Therapeutic strategies aiming for the induction of an effective immune response at the tumor site can be severely hampered by the encounter of an immunosuppressive microenvironment. We investigated here the potential of concerted costimulation by tumor-directed antibody-fusion proteins with B7.1, 4-1BBL and OX40L to enforce bispecific antibody-induced T cell stimulation in presence of recognized immunosuppressive factors including IL-10, TGF-ß, indoleamine 2,3-dioxygenase (IDO), PD-L1 and regulatory T cells. The expression and activity of these factors was demonstrated in the HT1080-FAP/PBMC co-culture setting, where individual and combined costimulation were still capable to enhance T cell stimulation, even though the general activation level was reduced. Additional blockade of TGF-ß or PD-1 resulted especially effective in further enhancing the degree of T cell activation. Here, best outcome was achieved by combined costimulation of targeted 4-1BBL and B7.1. Furthermore, their individual impact on the proliferation of naïve, memory and effector CD8+ and CD4+ T cell subsets, suggest the coverage of a comprehensive T cell response. Thus, our costimulatory antibody-fusion proteins show great potential to support T cell activation in adverse conditions dictated by the tumor microenvironment.

Advancing targeted co-stimulation with antibody-fusion proteins by introducing TNF superfamily members in a single-chain format.
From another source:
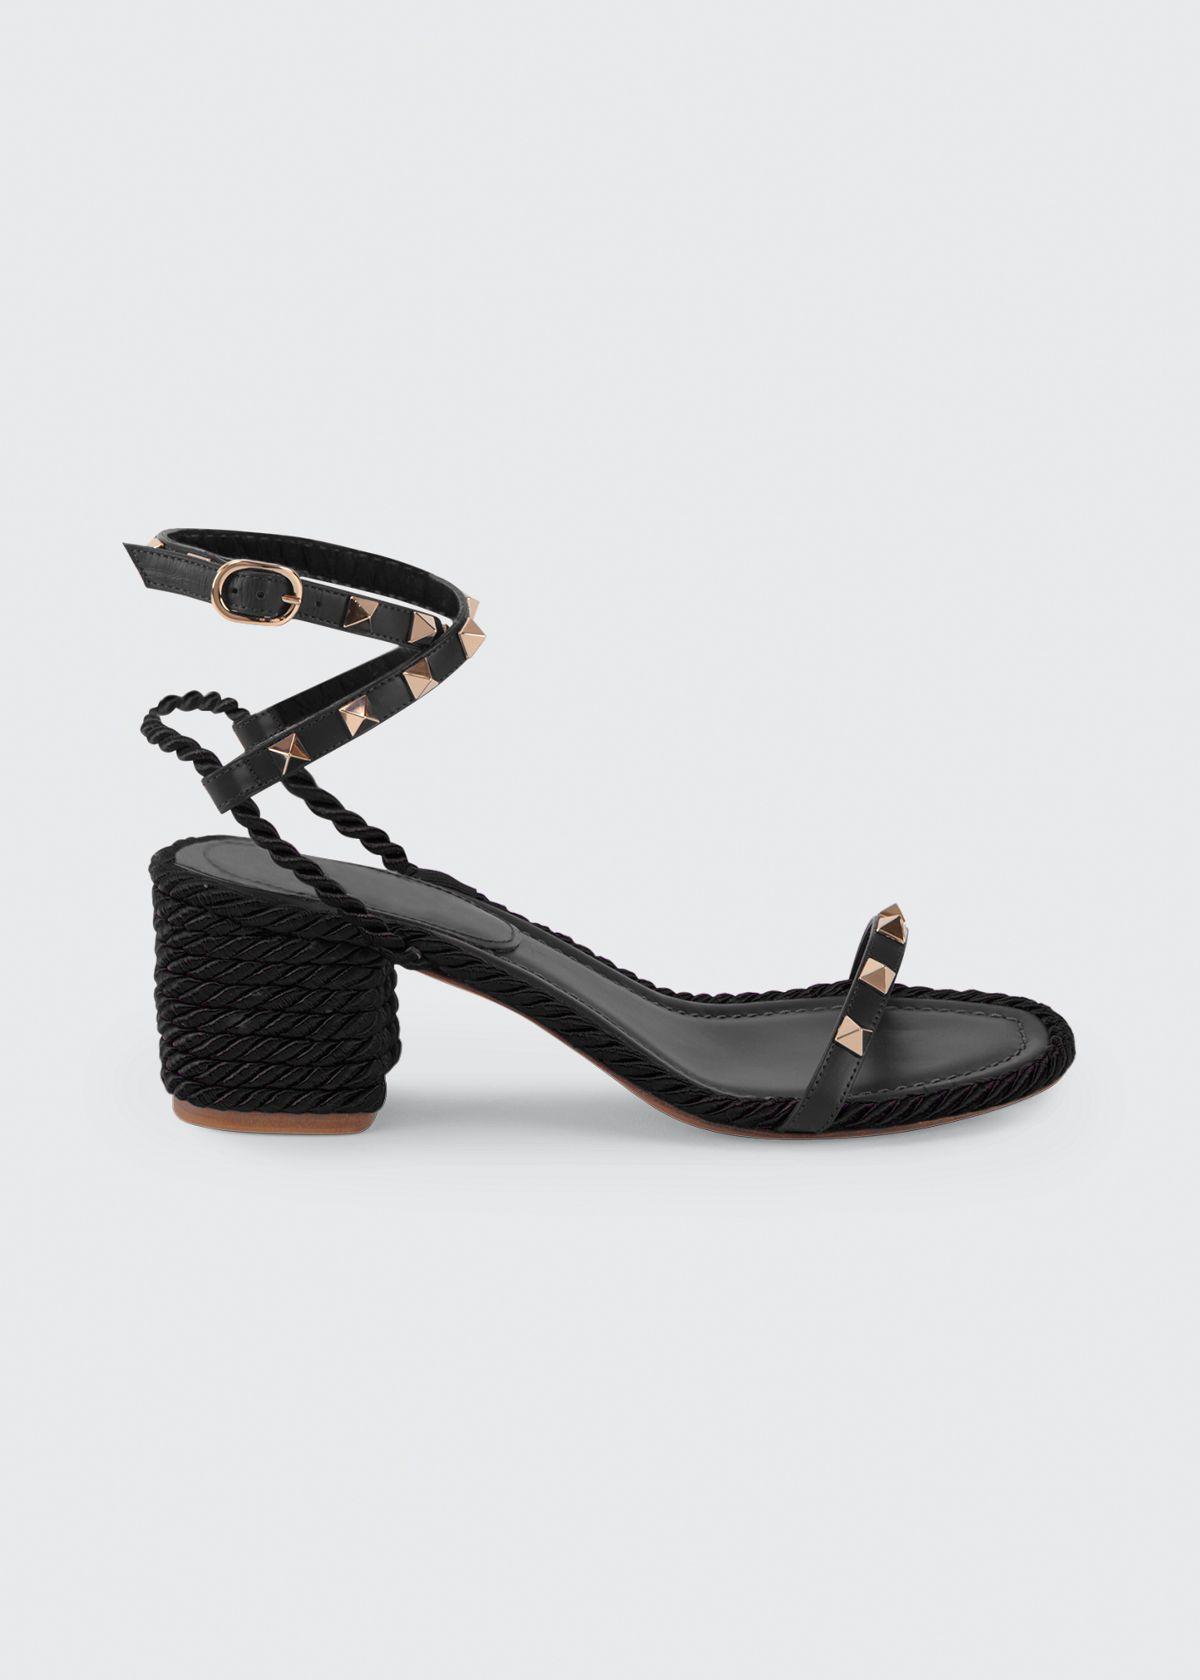 Valentino Garavani Valentino Rockstud Rope Sandal In Black Modesens In 2020 Valentino Rockstud Strappy Block Heel Sandals Ankle Strap Sandals

Co-stimulation via receptors of the tumor necrosis factor superfamily (TNFSF) emerges as promising strategy to support antitumor immune responses. Targeted strategies with antibody-fusion proteins composed of a tumor-directed antibody part and the extracellular domain of a co-stimulatory ligand of the TNFSF constitute an attractive option to focus the co-stimulatory activity to the tumor site. Since TNFSF members intrinsically form functional units of non-covalently linked homotrimers, the protein engineering of suitable antibody-fusion proteins is challenging. Aiming for molecules of simple and stable configuration, we used TNFSF ligands in a single-chain format (scTNFSF), i.e., three units of the ectodomain connected by polypeptide linkers, folding into an intramolecular trimer. By fusing tumor-directed scFv antibody fragments directed against EpCAM or FAP to co-stimulatory scTNFSF molecules (sc4-1BBL, scOX40L, scGITRL or scLIGHT), a set of monomeric scFv-scTNFSF fusion proteins was generated. In comparison to the scFv-TNFSF format, defined by intermolecular homotrimerization via the TNFSF part, scFv-scTNFSF showed equal or enhanced co-stimulatory activity despite reduced avidity in antibody binding. In addition, enhanced serum stability and improved bioavailability in mice were observed. We show that the scFv-scTNFSF format can be applied to various members of the TNFSF, presenting targeting-dependent co-stimulatory activity. Hence, this format exhibits favorable properties that make it a promising choice for further therapeutic fusion protein development.